Cellular Sales
- Type: Private
- Industry: Retail
- Founded: 1993; 33 years ago Knoxville, Tennessee, U.S.
- Headquarters: Knoxville, Tennessee, U.S.
- Key people: Dane Scism CEO Margaret Scism President
- Number of employees: 7,200

= Cellular Sales =

American mobile phone retailer

Cellular Sales is an American wireless retailer based in Knoxville, Tennessee. It is an authorized agent for Verizon Wireless. Cellular Sales operates more than 745 retail stores across 42 states in the U.S. The company was ranked on Inc. Magazine's Inc 5000 list nine times. It is valued at more than $2 billion and projected a new store opening every three days in 2019.

== Company history ==
In the early 1990s, Cellular Sales opened a retail kiosk in a mall in Knoxville, Tennessee. Dane and Margaret Scism purchased Cellular Sales for $14,000 in 1993 using his last commission check for the assets of the company. By the end of Scism's first year as owner, the company had around 10 stores. The main cellphone store was based in Knoxville on Kingston Pike. In 1996, the company bought out one of its contract partners, Mike Collins, and added its 4th and 5th locations. Cellular Sales continued to grow through the late 1990s and early 2000s by making its original independent sales representatives partners in new territory markets it opened.

Cellular Sales marketed service on behalf of Cellular One and GTE Wireless prior to the advent of Verizon Wireless in April 2000. In 2009, the company opened 68 new stores across the country. Following its rapid growth, Cellular Sales was named to Inc. Magazine’s Inc. 5000 list of the nation’s fastest-growing companies, and was featured nine times from 2008 to 2017. The company opened its 300th store in Blount County, Tennessee in April 2010.

Cellular Sales made $488.5 million in revenue in 2010. The following year, the company opened its 400th store, in Hope Mills, North Carolina. In 2012, following a 242% growth over a 36-month period, marked by a revenue increase of $207.3 million to $708.6 million. In 2013, the company’s revenue was over $1 billion.

In December 2015, the Cellular Sales consolidated four of its five Knoxville-area locations into one corporate headquarters. The building houses 350 of the company’s employees and includes a call center with 140 employees. In 2017, the headquarters underwent a remodel and expansion. At that time, the company was hiring 300 new employees each month, nationwide.

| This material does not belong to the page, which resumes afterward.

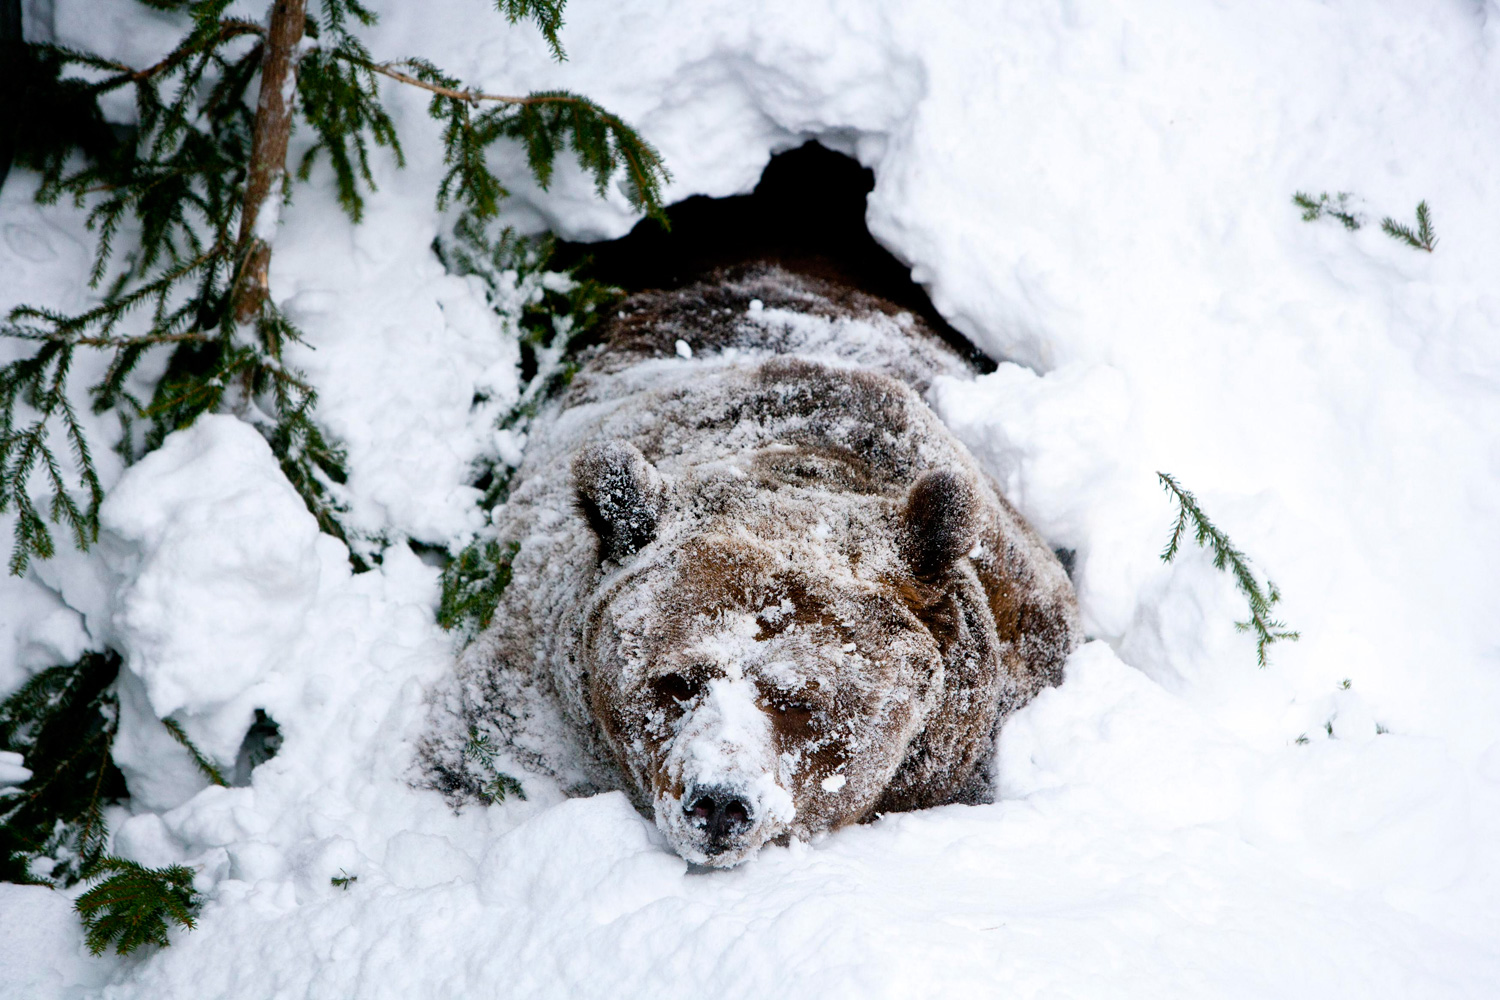 Feb. 23, 2012. Palle-Jooseppi, a male brown bear at Ranua Zoo, wakes up after winter hibernation in Ranua, Finland.
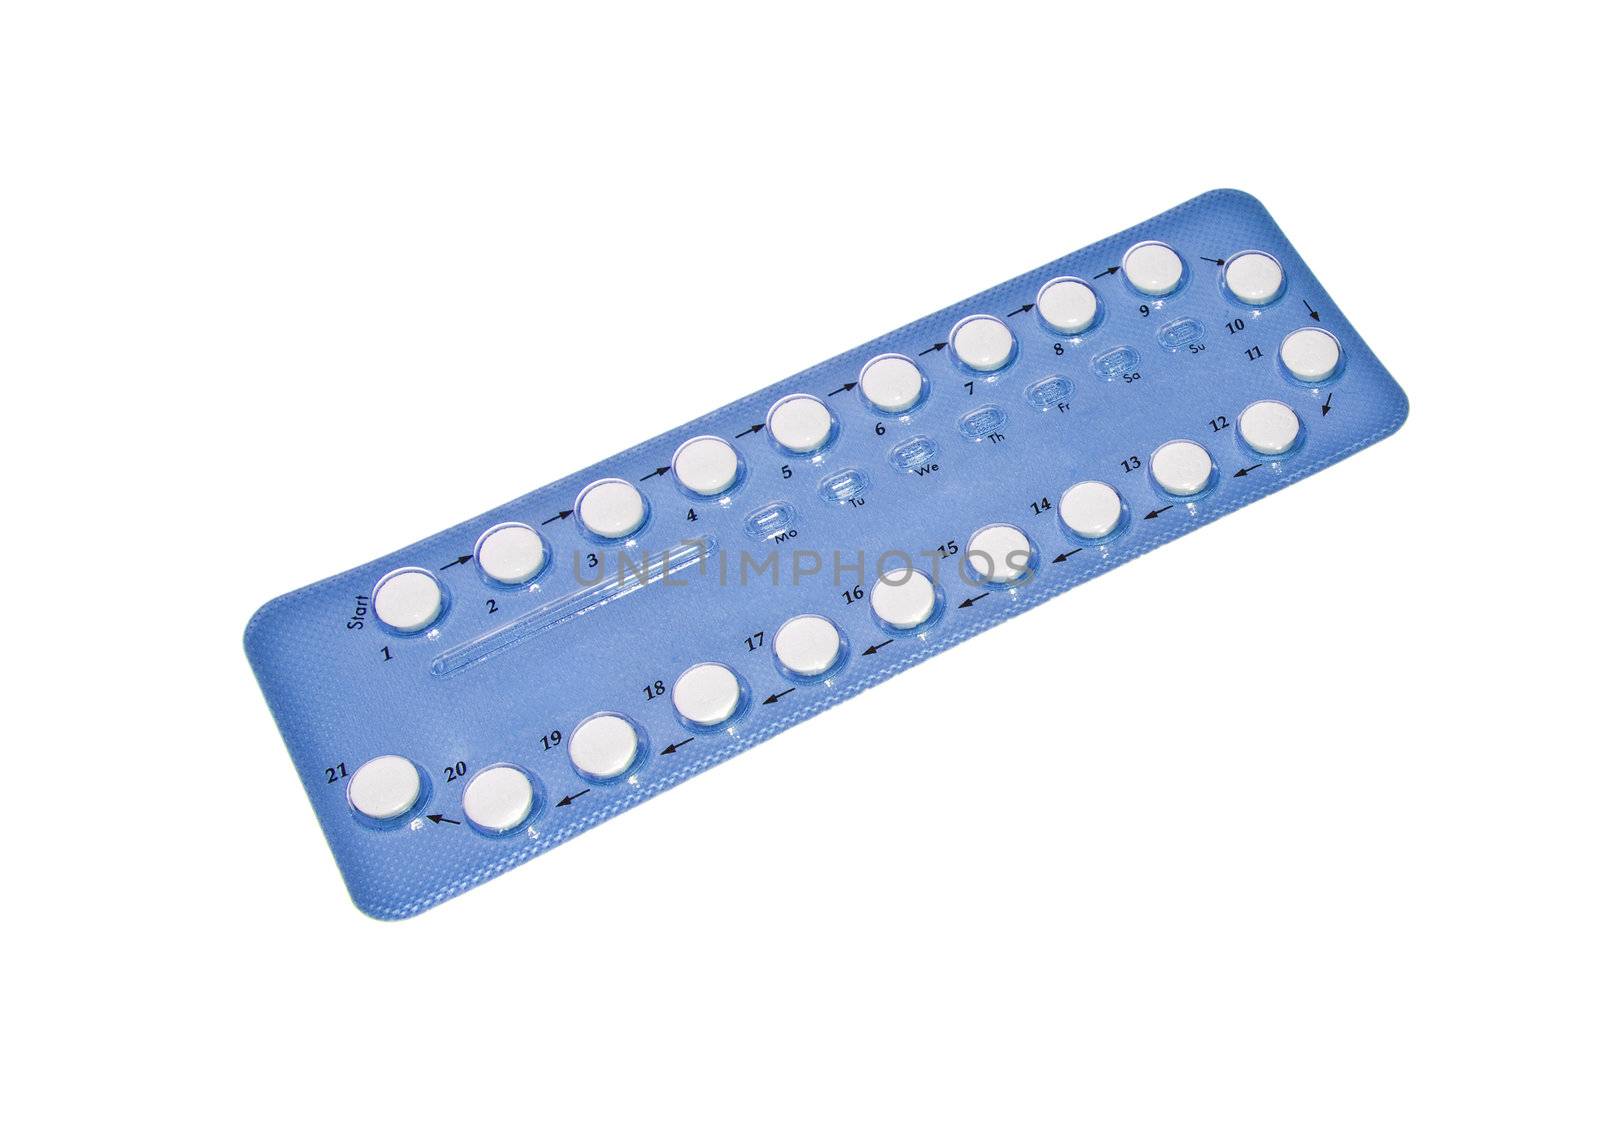 Birth Control Pills by ozaiachin

In August 2016, Cellular Sales expanded its presence into California with a location in Goleta, and a second California store in Fresno that same month. Its first store in Idaho opened in Coeur d'Alene in September 2016. By 2019, Cellular Sales reported that its revenue had exceeded $2 billion, while averaging a new store opening every three days.

==Philanthropy==
In 2010, Cellular Sales joined Cell Phones For Soldiers to distribute free calling cards to U.S. Soldiers overseas. Cellular Sales donated $15,000 to SOAR Youth Ministries, a nonprofit serving at-risk youth, in 2012. The company has also sponsored the annual SOAR Golf Tournament. Also in 2012, Cellular Sales offered free cell and internet service for Kentucky and Indiana storm victims. The company donated $45,000 in September of the same year to Great School Partnership to help fund programs in Knox County Schools. The donation went toward the Verizon Cellular Sales Center for Academic Excellence at West High School, a tutoring center to help students complete credits to graduate and prepare for the ACT.